"Believe and act as if it were impossible to fail" - Charles F. Kettering

Wednesday, November 6, 2013

Brahma-WHAT-ya


Sometimes I feel like yoga is a foreign language. Oh wait. It is. Yoga dates back to about 4500 years ago, when Sanskrit was the language of choice in the part of the world where yoga began. Sanskrit is now what they call a “dead” language, because we don’t actually speak it. Such has been the fate of Latin, as well.  But au contraire, mon frère (French is derived from Latin!), I believe that Sanskrit is alive and kicking in the 21st century.

Recently, a yoga clothing store had the word “Brahmacharya” emblazoned on the front of its cute little shopping bags. Although there is a clever explanation on the side of the bag, I can’t help but wonder how many people never make it there because they get stuck on the word itself. There are so many yoga terms that make me feel like, “Man, I can’t pronounce it, let alone get to the place where I can understand it.”  Well, I think if we can “push past our edge,” as I say to my students in class, we can start to understand how this tongue-twister of a word applies to our lives.

Brahmacharya = nonexcess. Here’s a prime example of how NOT to do this:

My husband has nicknamed me the “chocolate monster.” If this delicious treat enters our house, in any form, it’s gone in one day. He doesn’t get any. I try to tell him the dog ate it or “the early bird catches the worm,” but he doesn’t buy any of that nonsense. I know eating an entire pint of chocolate chocolate chip ice cream is not the best choice, but I can’t resist. Of course, I don’t feel too well after, and wonder why I did it. How about I just slowly savor a small bowl, and have my body be satisfied? In going beyond that point, eating and its effects are no longer enjoyable.   

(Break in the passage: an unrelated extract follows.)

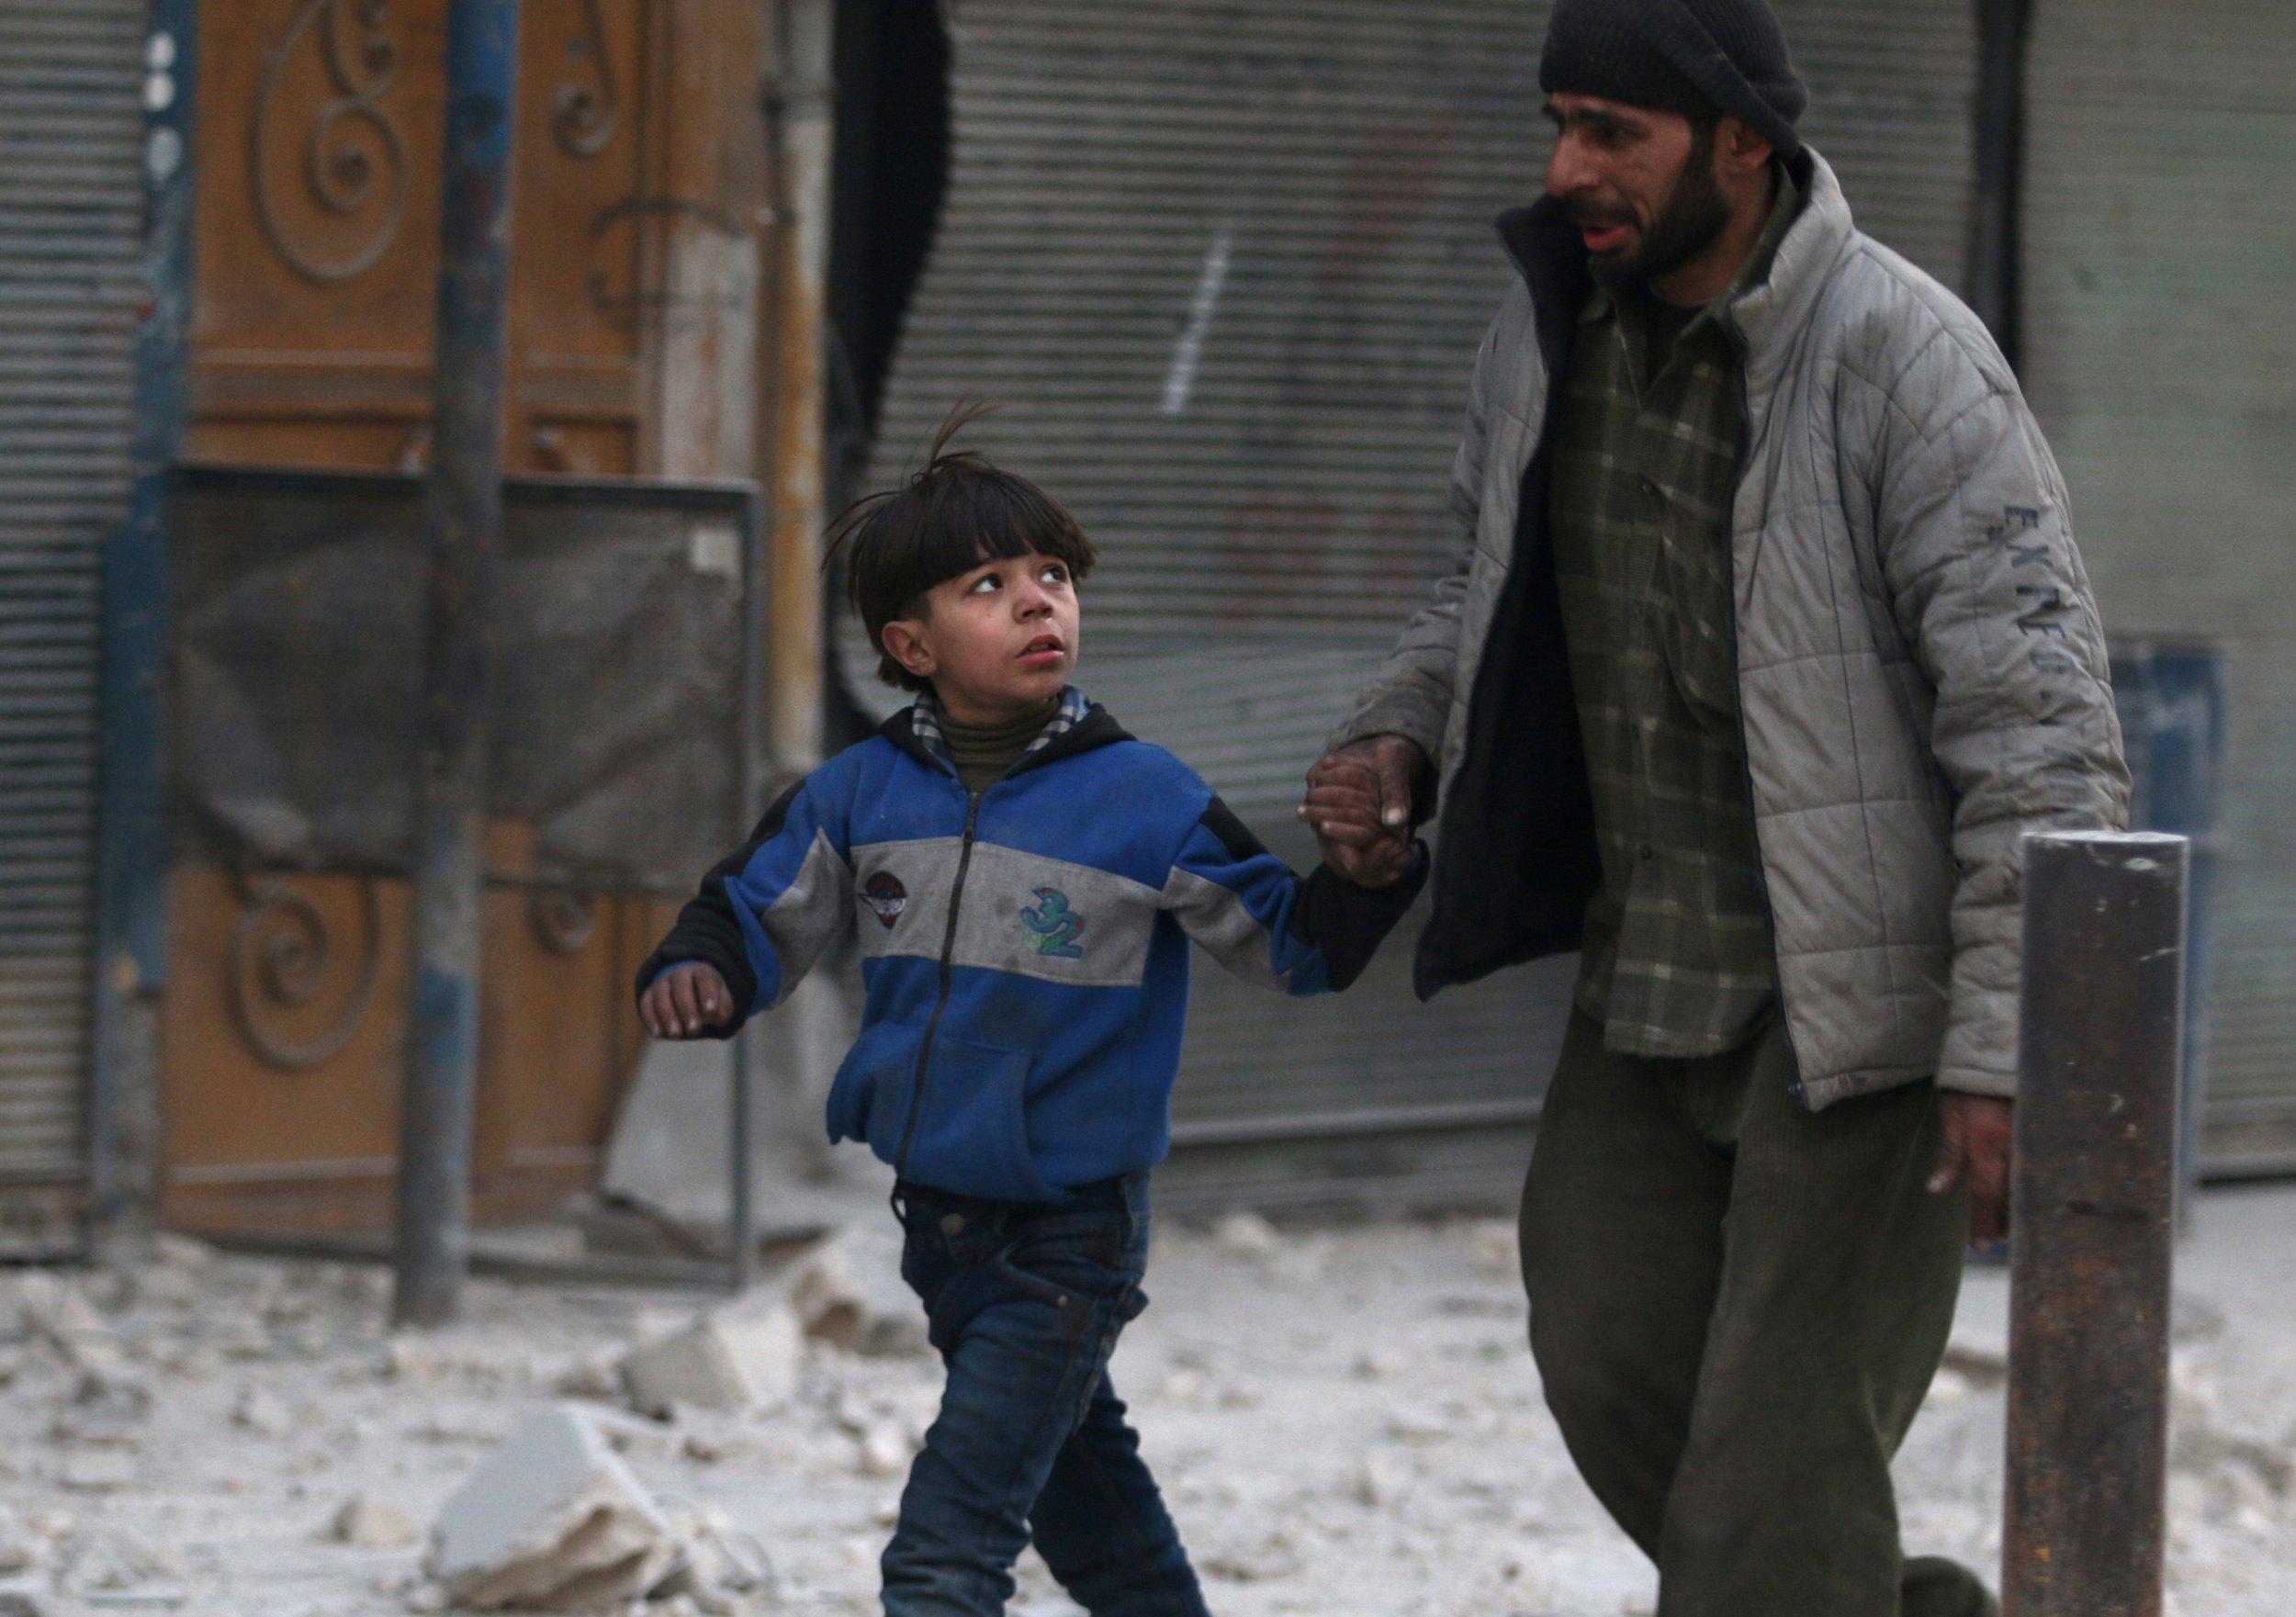 12_13_Kerry_Aleppo_01

But nonexcess does not just relate to sweets. We can overdo life as well. In America we tend to “go big or go home.” I think, in our culture, excess makes us feel safe and important. We drive big cars to protect us on the road, work long hours to feel productive (thank you, smartphone, for making the workday 24 hours!), juggle so many people to feel like we are somebody to someone, and race from place to place to feel busy. In the end, we just end up running ourselves into the ground, and sometimes, we can’t even stop at THAT point. The more we have and do, the more secure we feel. Excess fills an emotional need for us. We have to be everything to everyone. I fall into this trap, time and time again.

I guess the whole point of Brahmacharya, for me, is to work on just being ok with saying “when.” It’s hard to do that, but excess never works for me. I drive myself crazy trying to keep up, and I end up not being able to do it all anyway.

I am working on it………thank you yoga. Namaste.